Key Insights Distilled From

Germline cis variant determines epigenetic regulation of the anti-cancer drug metabolism gene dihydropyrimidine dehydrogenase (DPYD)

by Zhang,T., Am... at www.biorxiv.org 11-05-2023

https://www.biorxiv.org/content/10.1101/2023.11.01.565230v2

Deeper Inquiries

How might the rs4294451 variant interact with other known DPYD variants to modulate 5-FU toxicity and resistance?

The rs4294451 variant, located within the enhancer region of the DPYD gene, plays a crucial role in regulating DPYD expression. This variant can interact with other known DPYD variants, such as c.85T>C and c.496A>G, to modulate 5-FU toxicity and resistance. The rs4294451 variant affects the binding of transcription factors like CEBPB to the enhancer region, leading to altered DPYD expression. Variants in the coding region of DPYD, like c.85T>C and c.496A>G, are in linkage disequilibrium with rs4294451, suggesting that the regulatory effects of rs4294451 can impact the overall DPD activity. Therefore, the interplay between rs4294451 and other DPYD variants can influence the risk of severe 5-FU toxicity and the development of resistance to 5-FU therapy.

What other transcription factors or epigenetic regulators might be involved in the genotype-dependent control of DPYD expression?

In addition to CEBPB, other transcription factors and epigenetic regulators may be involved in the genotype-dependent control of DPYD expression. Some potential candidates include FOXA1, FOXA2, JUND, MYBL2, and HNF4A, as these factors have been shown to bind to the enhancer region of DPYD. These transcription factors can interact with the enhancer region and modulate DPYD expression in a genotype-dependent manner. Furthermore, epigenetic modifications such as histone acetylation and methylation can also influence the accessibility of the enhancer region and regulate DPYD expression. Understanding the comprehensive network of transcription factors and epigenetic regulators involved in the regulatory axis of DPYD will provide valuable insights into the mechanisms underlying 5-FU toxicity and resistance.

Could targeting the CEBPB-DPYD regulatory axis be a strategy to overcome 5-FU resistance in colorectal and other cancers?

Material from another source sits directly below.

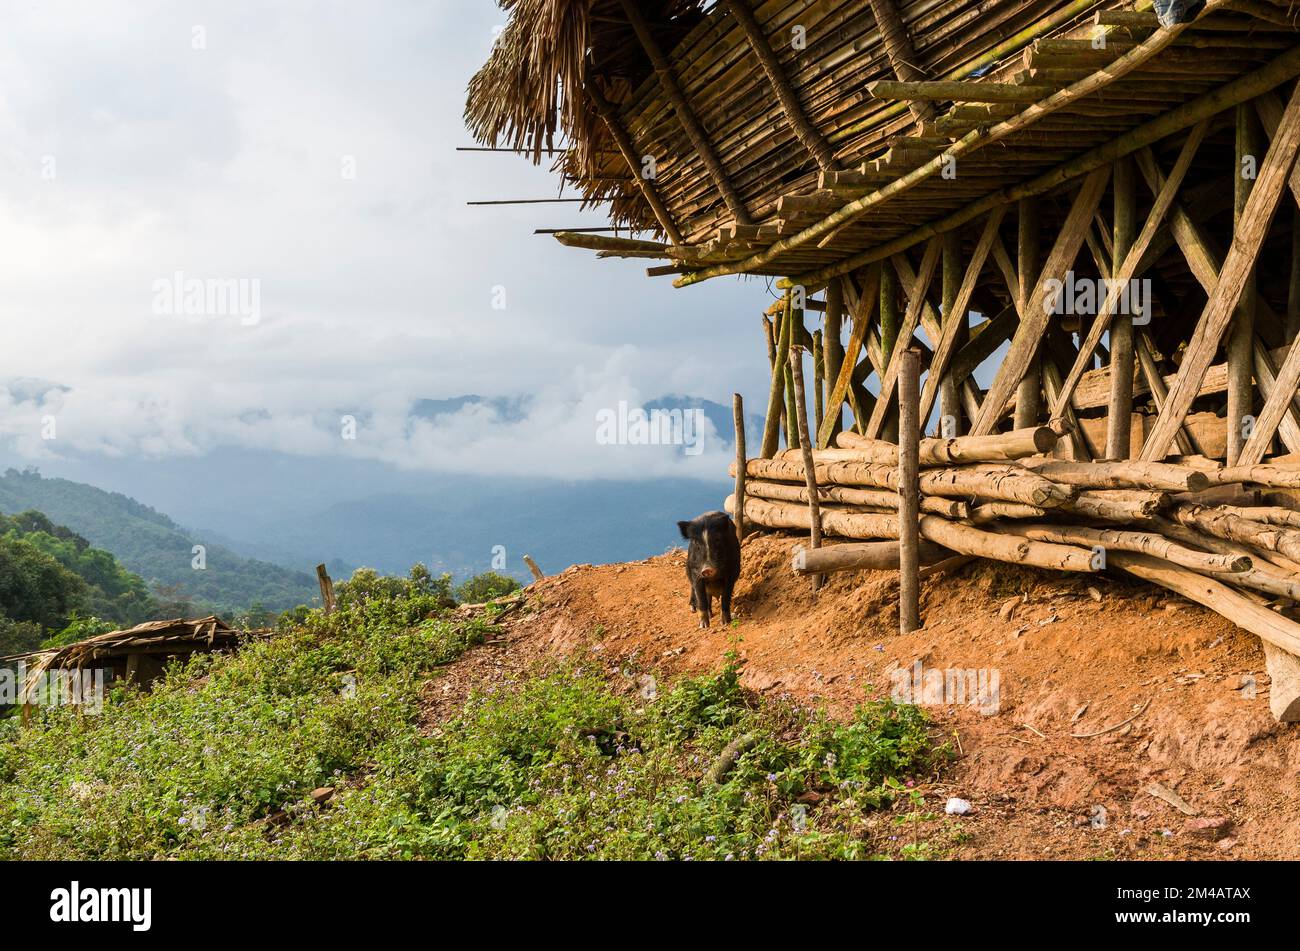 The village Kombo of the Adi Gallo-Tribe lies picturesque in the hills of Arunachal Pradesh Stock Photo

Targeting the CEBPB-DPYD regulatory axis could be a promising strategy to overcome 5-FU resistance in colorectal and other cancers. By modulating the activity of CEBPB, which regulates DPYD expression through the enhancer region, it may be possible to alter the sensitivity of cancer cells to 5-FU. Inhibiting CEBPB or disrupting its binding to the enhancer region could lead to decreased DPYD expression, potentially increasing the efficacy of 5-FU treatment. Additionally, targeting other components of the regulatory axis, such as epigenetic modifiers that control the chromatin state of the enhancer region, could also be explored as a therapeutic approach to sensitize cancer cells to 5-FU. Further research into the specific mechanisms of the CEBPB-DPYD regulatory axis and its role in 5-FU resistance will be essential for the development of targeted therapies in cancer treatment.